Iniciativas Sanitarias, Montevideo, Uruguay.
Int J Gynaecol Obstet. 2012 Sep;118 Suppl 1:S21-7. doi: 10.1016/j.ijgo.2012.05.006.
To describe the initial stages of the implementation of a risk-reduction model designed by Iniciativas Sanitarias to shield women from unsafe abortion in a traditional community on the Uruguay-Brazil border.
This mixed-design study was conducted first between 22 and 26 March 2010, and then between 2 and 7 May 2011, in Rivera, Uruguay, to gather information from women seen at health centers, healthcare providers, and local policy makers before the project started and midway through the project.

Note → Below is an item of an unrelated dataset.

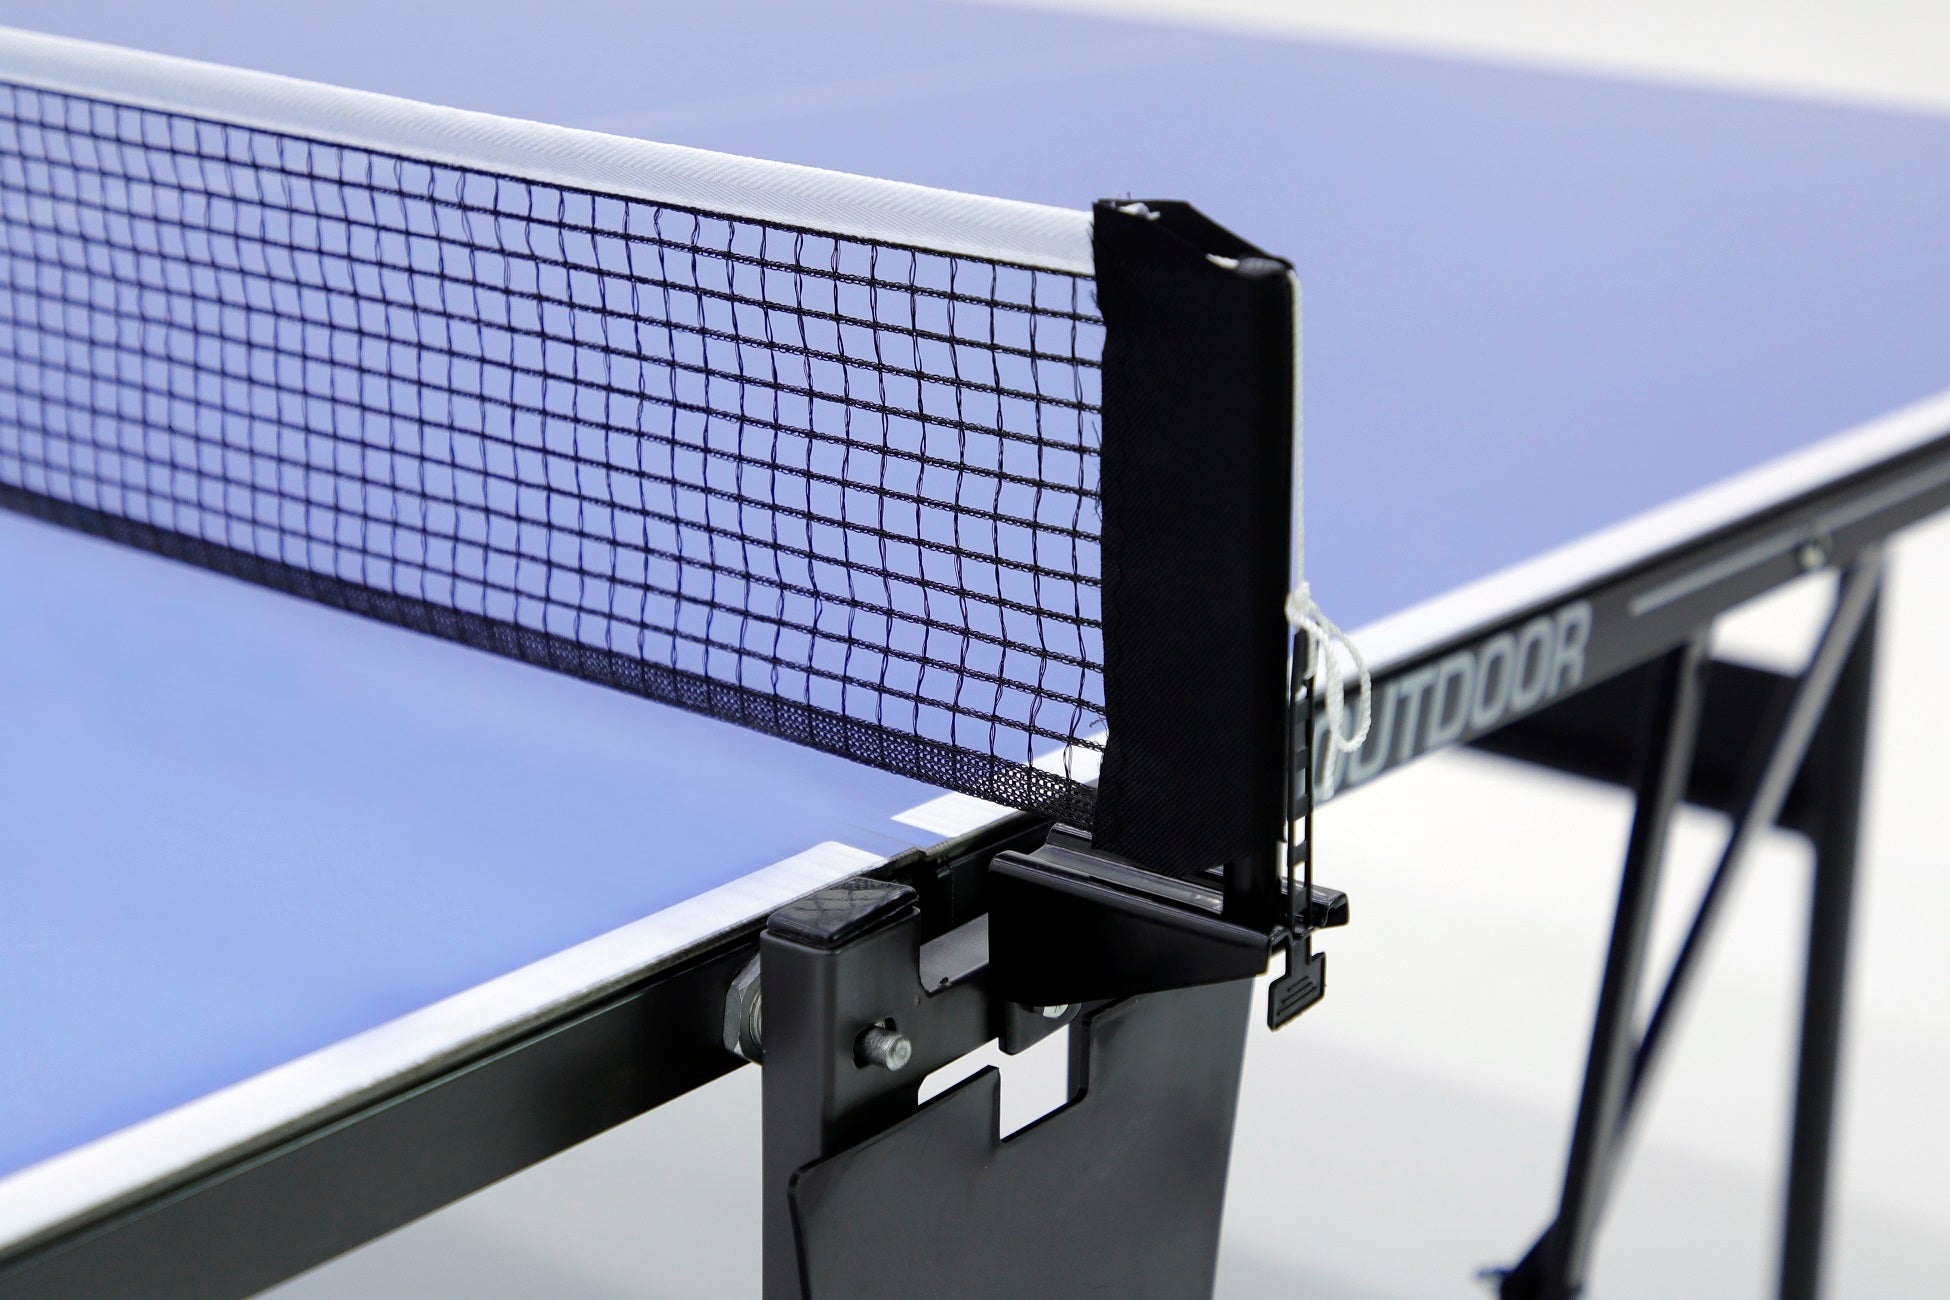 Weatherproof Atlantic Professional Table Tennis Table

At baseline most women and providers considered abortion justifiable only on narrow grounds, yet favored the implementation of a risk-reduction model that would include preabortion as well as postabortion counseling, the former providing information on different abortion methods and their risks. By the midterm assessment, the counseling service had assisted 87 women with unwanted pregnancies. Of the 52 who came for a postabortion visit, 50 had self-administered misoprostol, with no complications. Women were highly satisfied with the counseling. At baseline, misoprostol seemed to be available from both pharmacists and informal sellers. At midterm, it was still available from informal vendors but pharmacists said they did not provide misoprostol. The risk-reduction initiative heightened public attention to the abortion issue but the controversy it generated did not seriously impede its implementation.
It is feasible to implement the proposed risk-reduction model in a traditional community such as Rivera, not only in Uruguay but in any country irrespective of its abortion laws.
描述由 Iniciativas Sanitarias 设计的减少风险模式在乌拉圭-巴西边境的一个传统社区中实施的初始阶段,以保护妇女免受不安全堕胎的影响。
本混合设计研究于 2010 年 3 月 22 日至 26 日和 2011 年 5 月 2 日至 7 日在乌拉圭 Rivera 进行,以在项目开始前和项目进行到一半时收集在卫生中心就诊的妇女、医疗保健提供者和当地政策制定者的信息。
基线时,大多数妇女和提供者仅在狭窄的基础上认为堕胎是合理的,但赞成实施减少风险的模式,该模式将包括堕胎前和堕胎后的咨询,前者提供有关不同堕胎方法及其风险的信息。在中期评估时,咨询服务已协助 87 名意外怀孕的妇女。在 52 名来堕胎后就诊的妇女中,有 50 名自行服用米索前列醇,没有并发症。妇女对咨询非常满意。在基线时,米索前列醇似乎可从药剂师和非正规卖家处获得。在中期,它仍然可以从非正规供应商处获得,但药剂师表示他们不提供米索前列醇。减少风险的举措提高了公众对堕胎问题的关注,但由此引发的争议并没有严重阻碍其实施。
在像 Rivera 这样的传统社区中实施拟议的减少风险模式是可行的,不仅在乌拉圭,而且在任何国家,无论其堕胎法如何。